__ACTION ITEM__. Quote the whole listing word for word. Do not include the pictures.

__DATA BELOW__.
◇ ◇ ◇ ◇ ◇ ◇ ◇

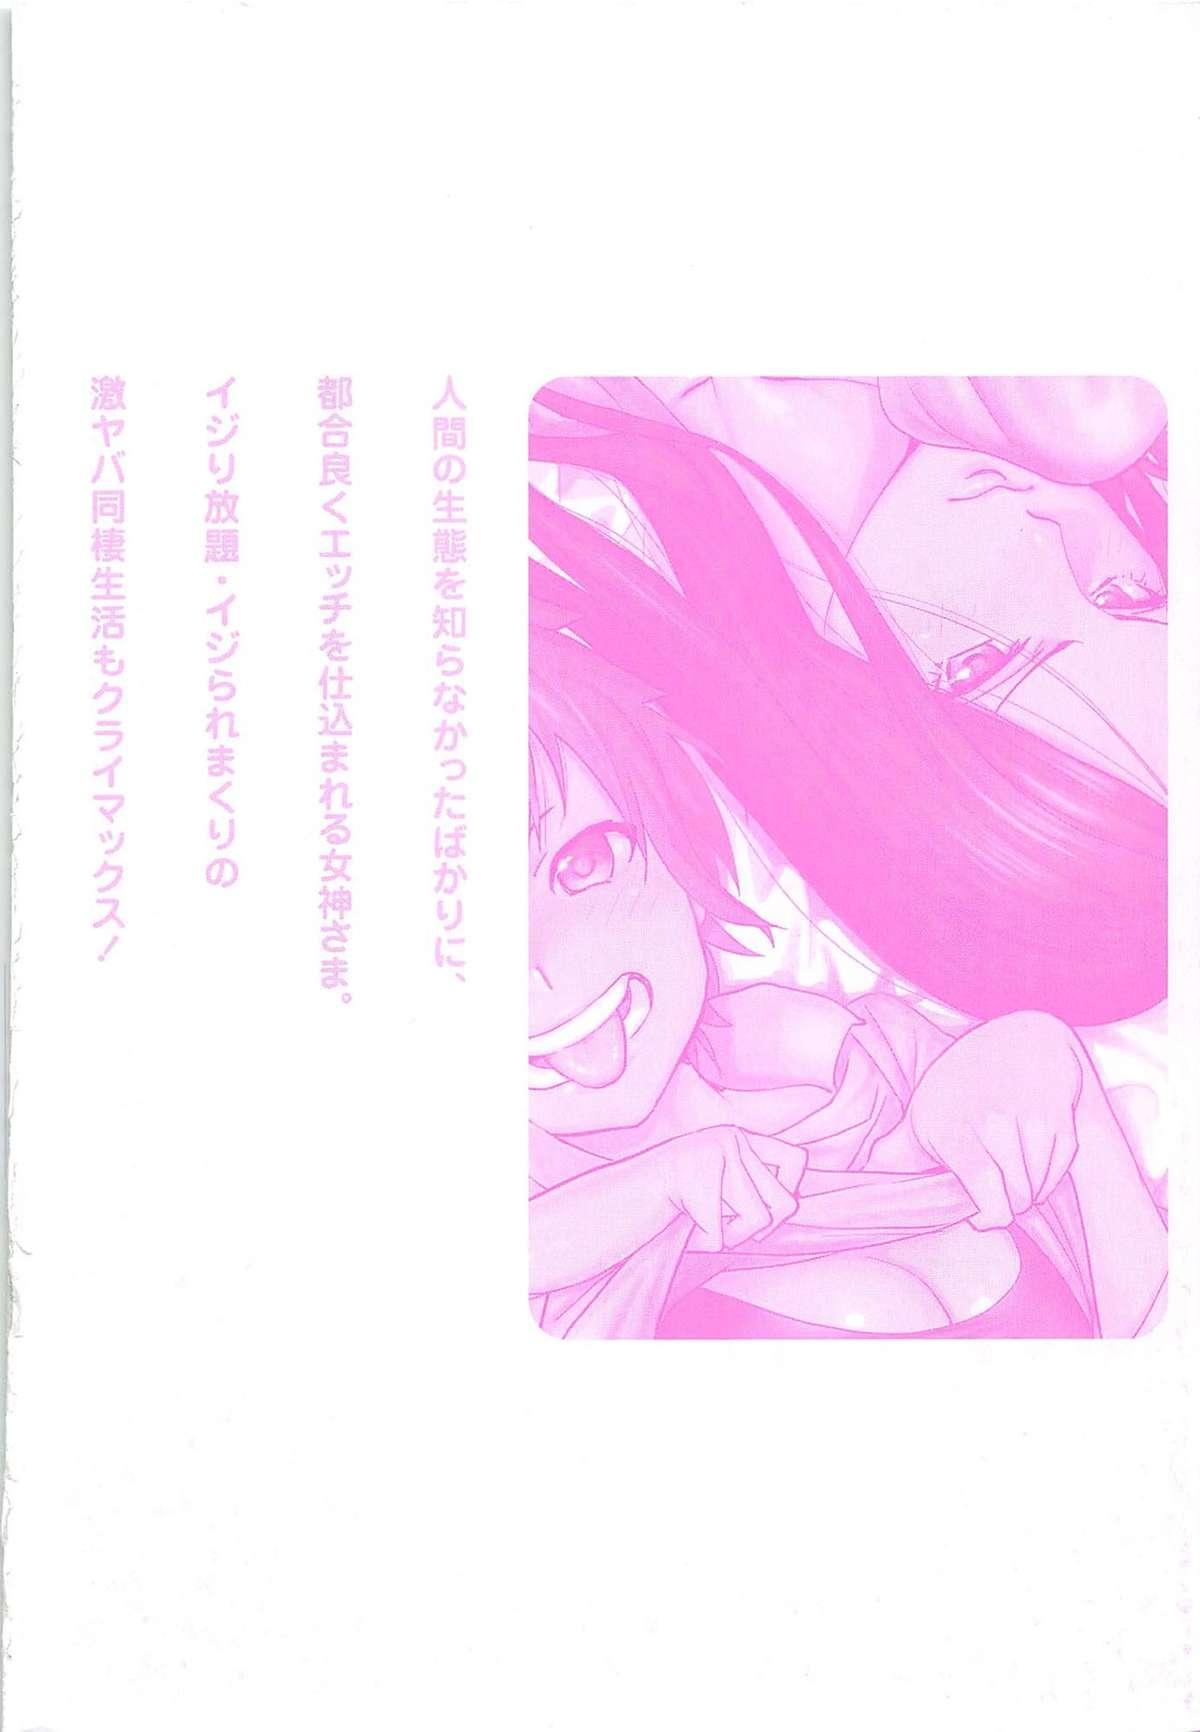 Megami to Ichinen Kura Shite Mita. 2 5
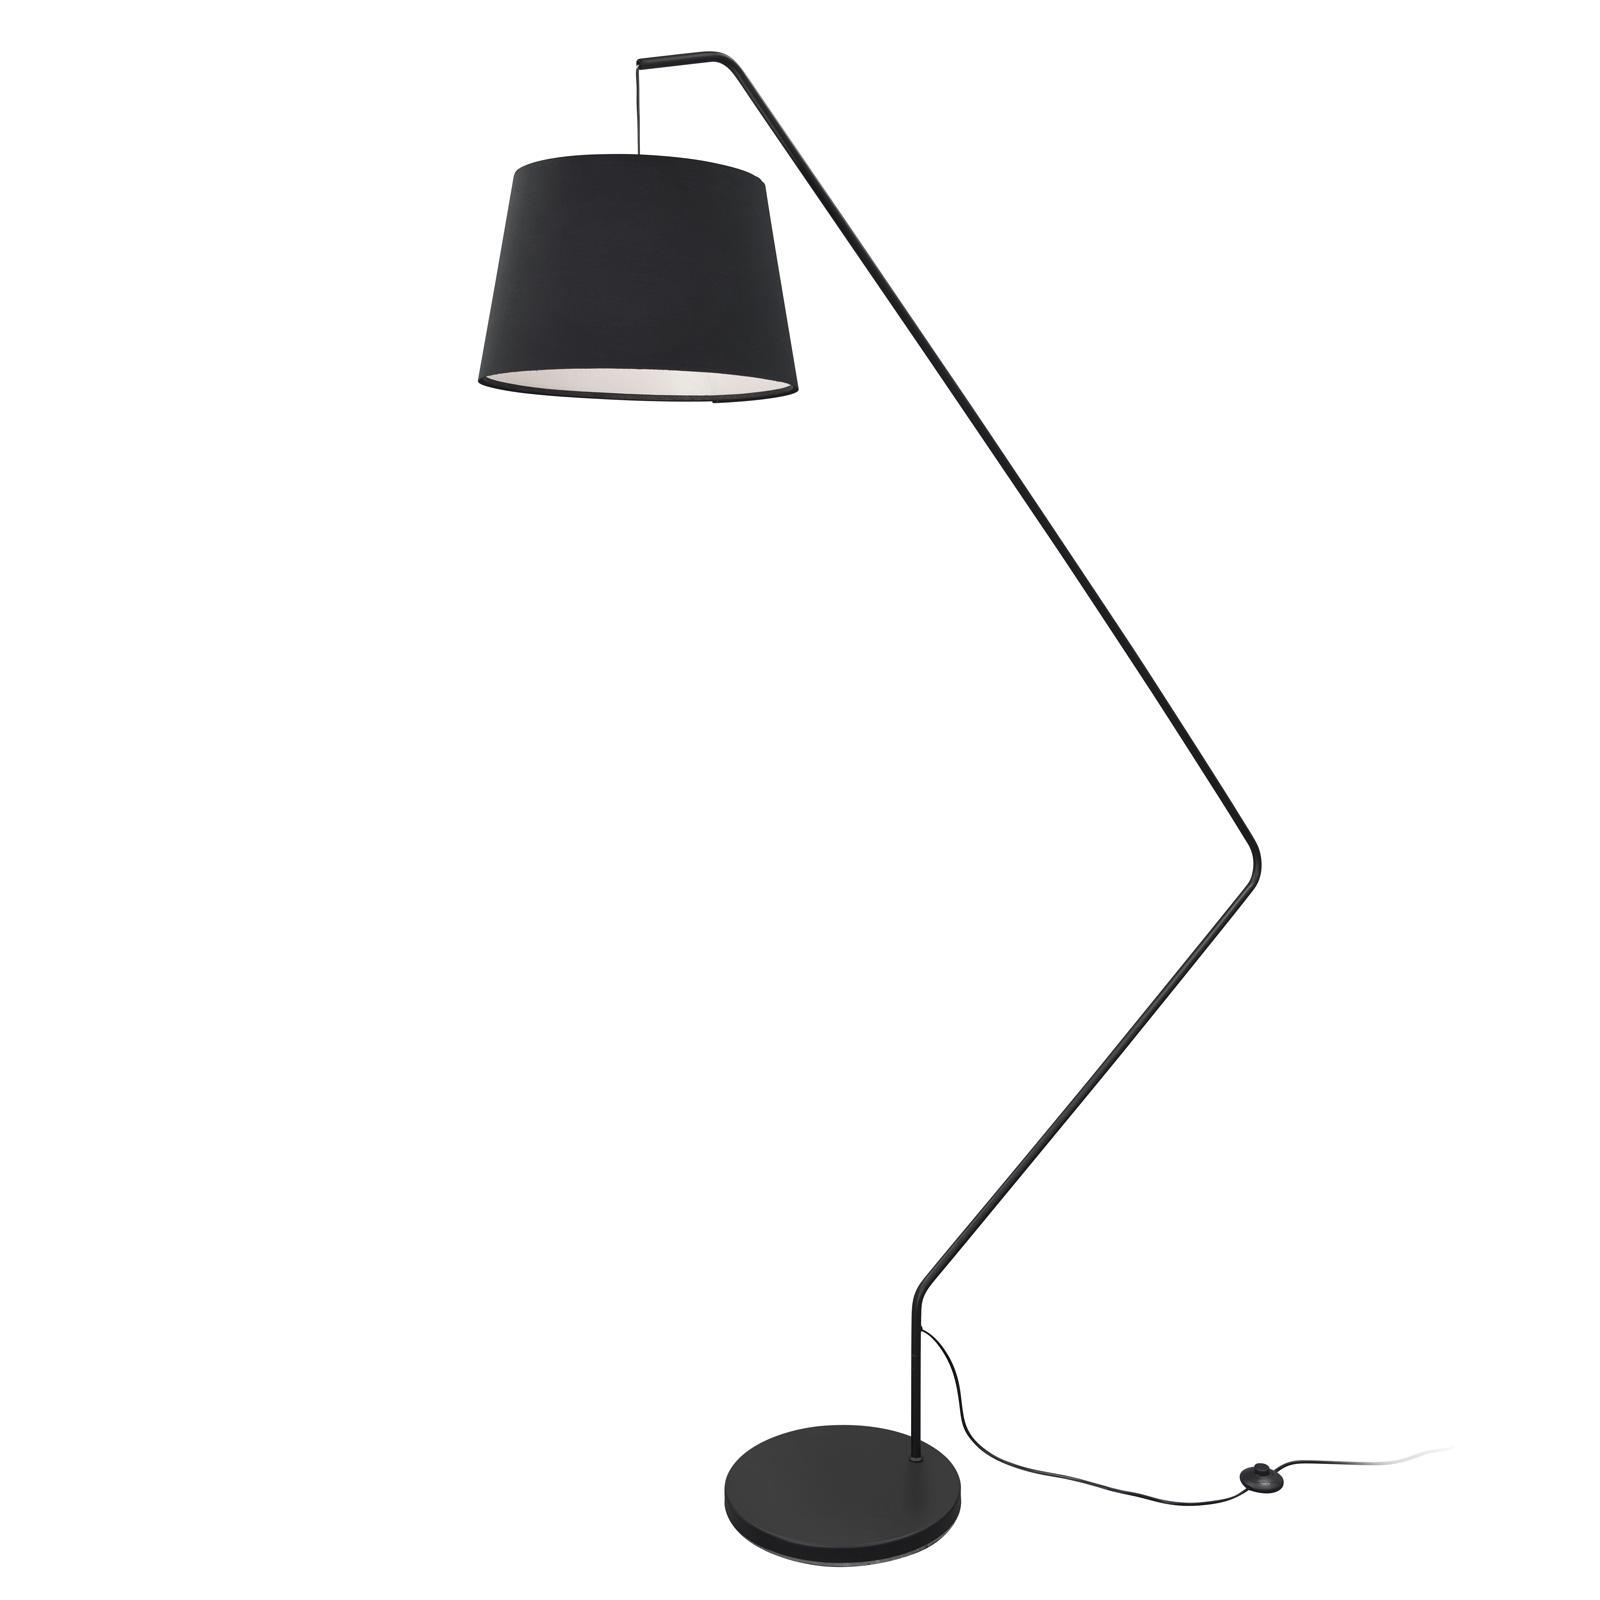 Villeroy & Boch Dublin lampadaire en noir
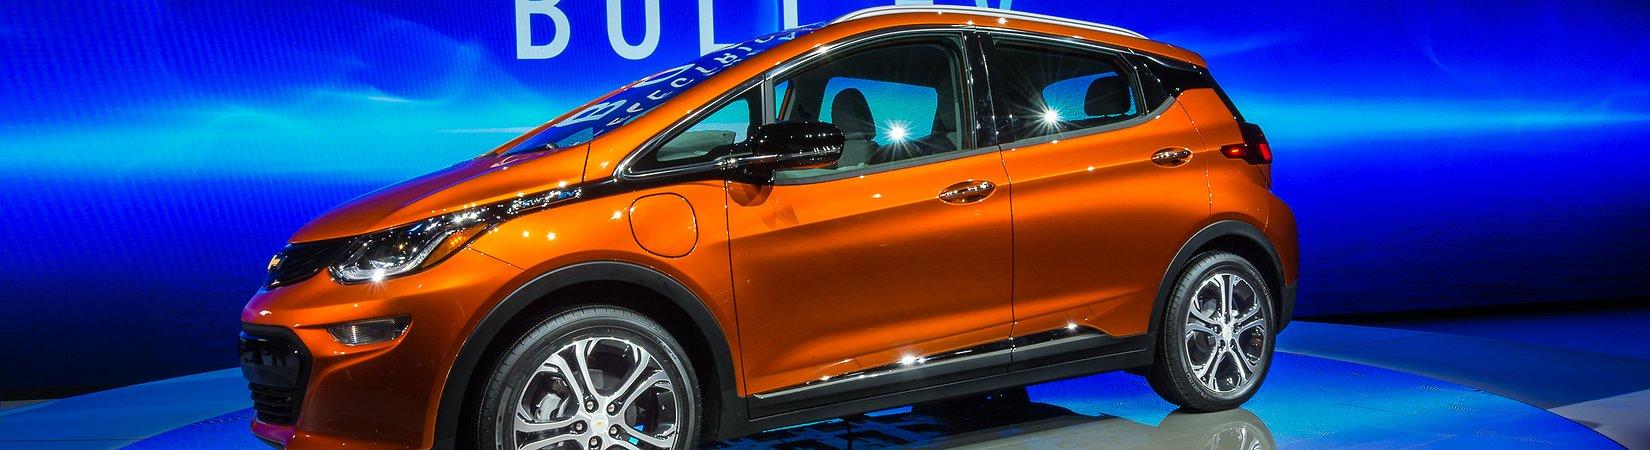 GM lanza su primera serie de vehículos autónomos eléctricos

◇ ◇ ◇ ◇ ◇ ◇ ◇

__ANSWER SECTION__.
 Megami to Ichinen Kura Shite Mita. 2 5
 Villeroy & Boch Dublin lampadaire en noir
 GM lanza su primera serie de vehículos autónomos eléctricos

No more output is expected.